A) \(CH_{4}\) (Methane)
Methane is a non-polar molecule composed of carbon and hydrogen atoms. It cannot form hydrogen bonds with water molecules and has very low solubility in water due to its non-polar nature.
B) \(CCl_{4}\) (Carbon tetrachloride)
Carbon tetrachloride is a non-polar molecule with no net dipole moment. It cannot form hydrogen bonds with water molecules and has very low solubility in water.
C) (\(NH_4^+\)) (Ammonium ion)
The ammonium ion (\(NH_4^+\)) is a polar cation that can form hydrogen bonds with water molecules through its hydrogen atoms. It is highly soluble in water due to its ability to form ion-dipole interactions and hydrogen bonds with water molecules.
D) \(PH_{4}\) (Phosphonium ion)
The phosphonium ion (\(PH_4^+\)) is a polar cation that can form hydrogen bonds with water molecules through its hydrogen atoms, similar to the ammonium ion.
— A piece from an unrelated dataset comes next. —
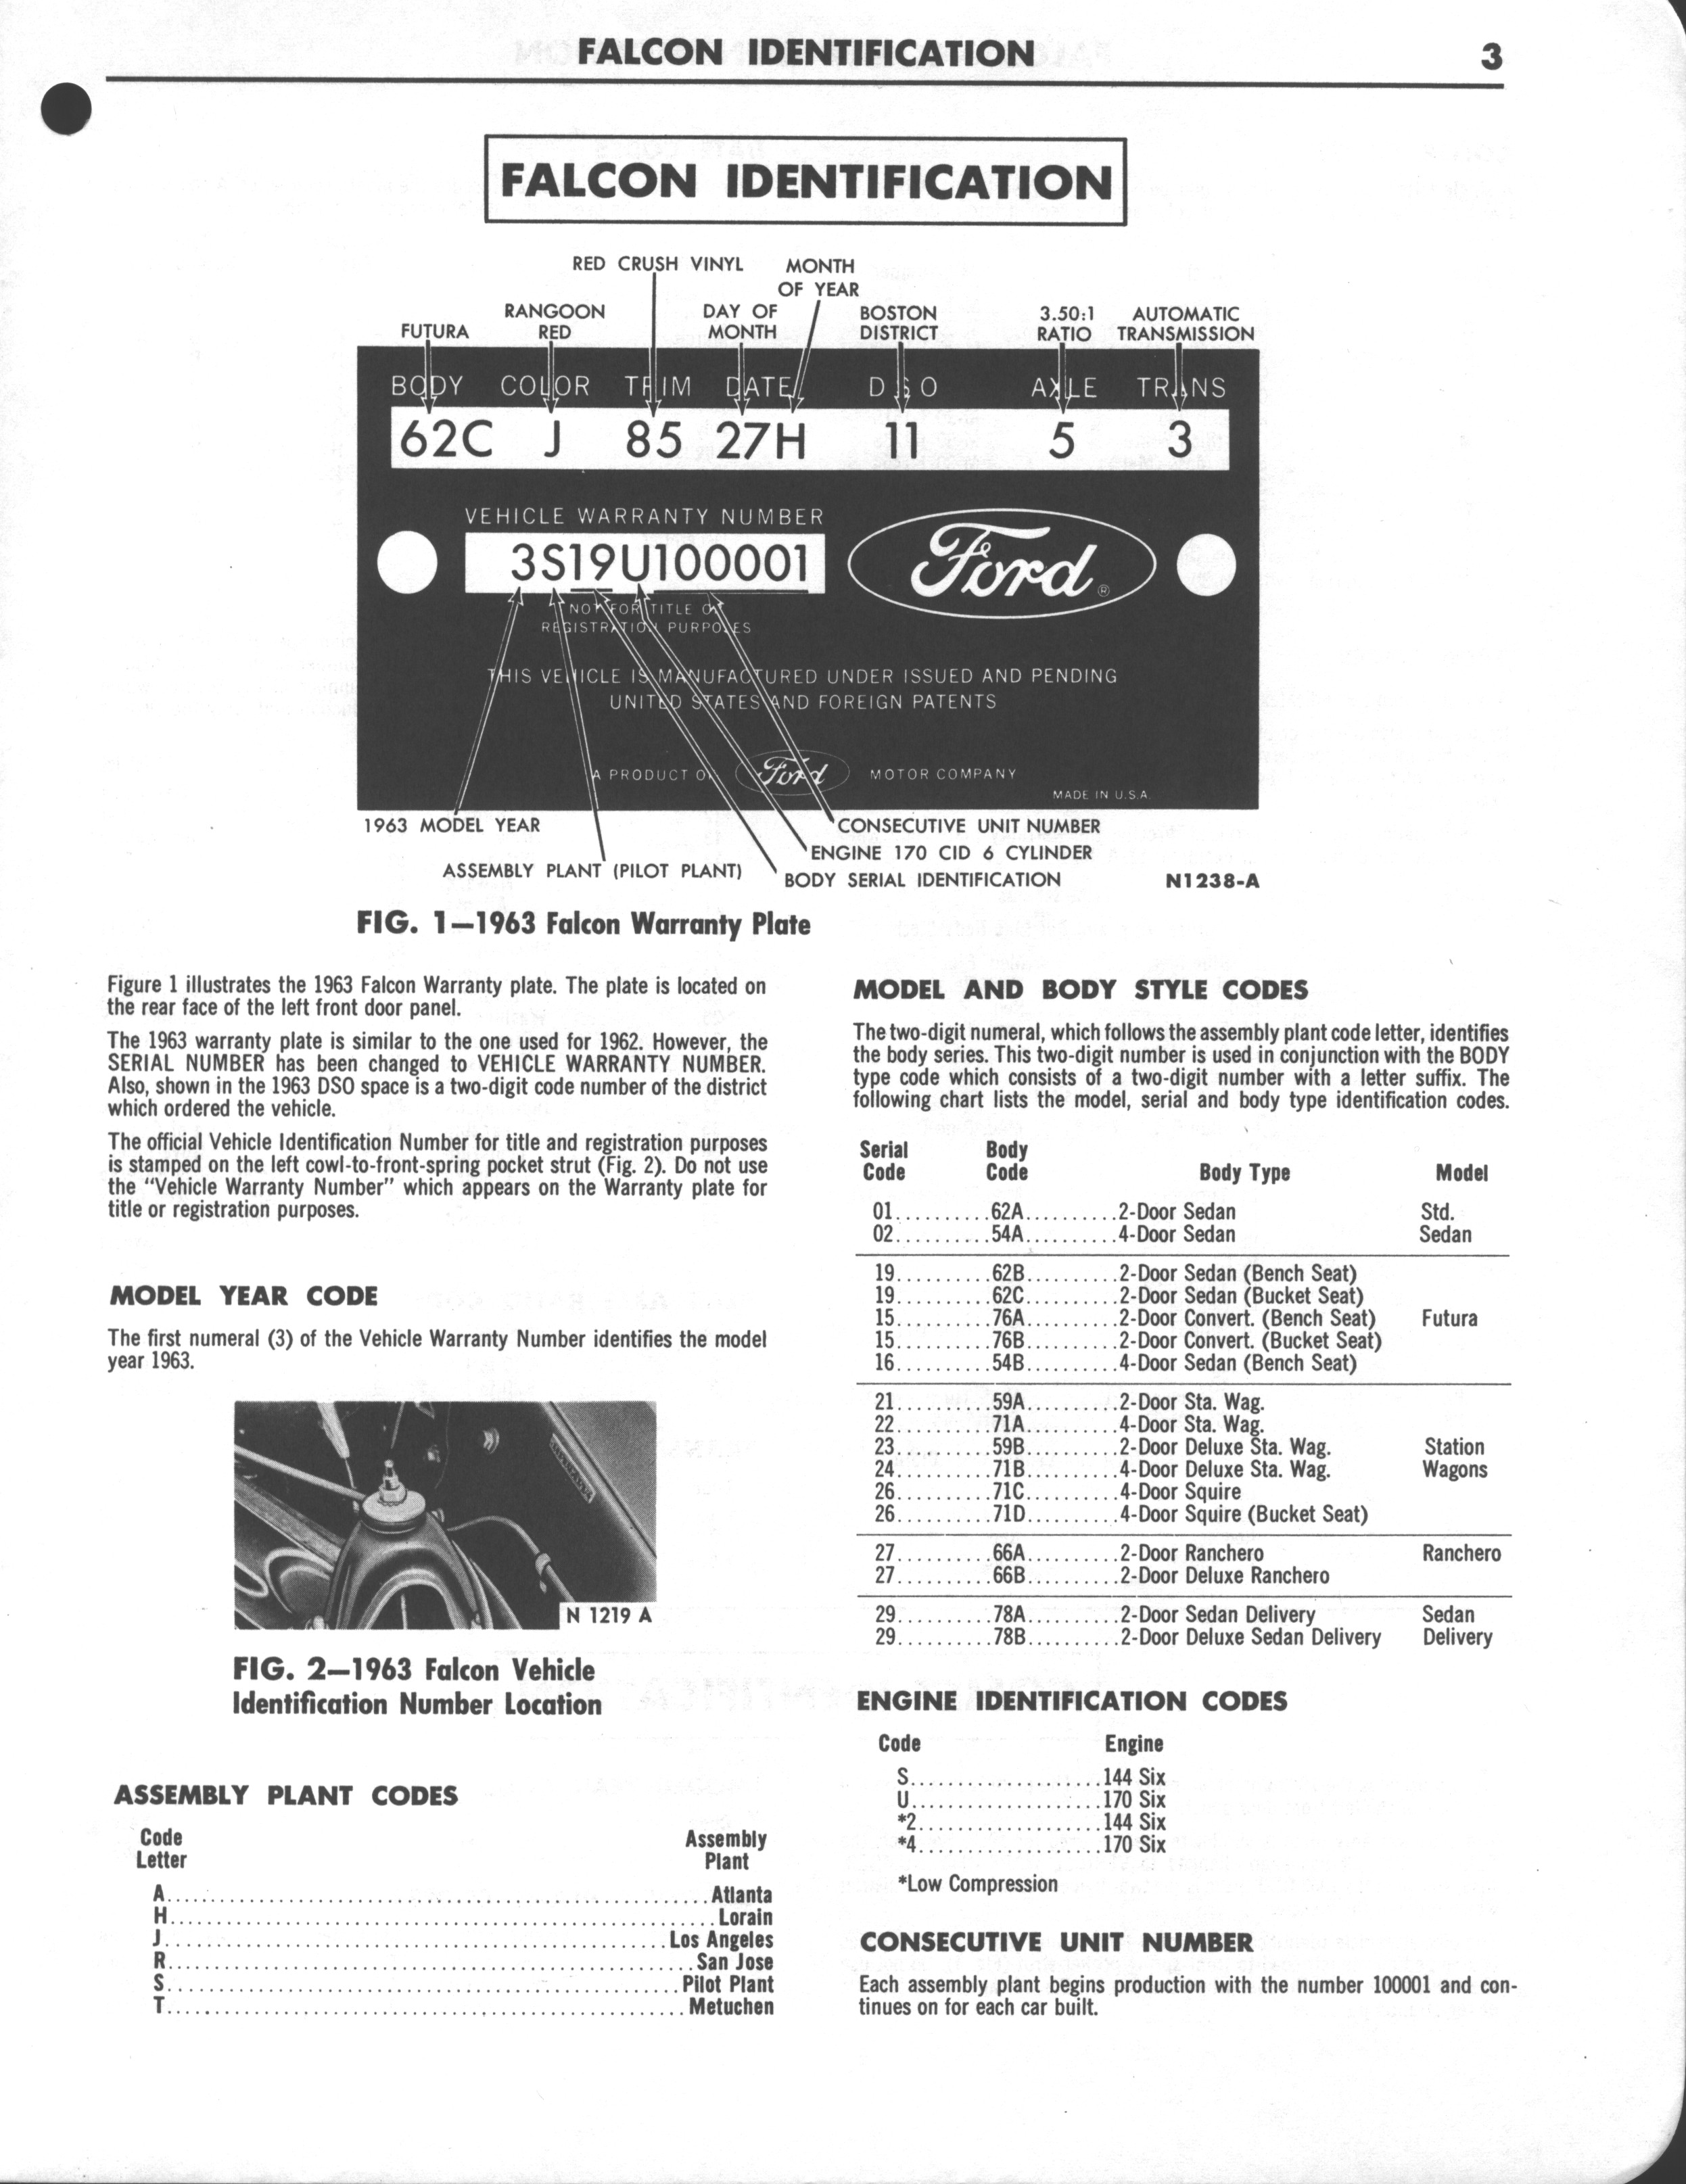 Falcon Shop Manual Supplement, 1963: Page 3

However, it is larger and more polarizable than the ammonium ion, which can lead to weaker hydrogen bonding and slightly lower solubility in water compared to the ammonium ion.
Among the given options, the ammonium ion (\(NH_4^+\)) is the most likely to have the greatest solubility in water due to its ability to form strong ion-dipole interactions and hydrogen bonds with water molecules. The phosphonium ion (\(PH_4^+\)) may also have reasonable solubility in water, but it is expected to be slightly lower than that of the ammonium ion.
Therefore, the correct answer is (C) NH4+, as it is the most polar and capable of forming the strongest hydrogen bonds with water molecules, leading to the greatest solubility in water among the given options.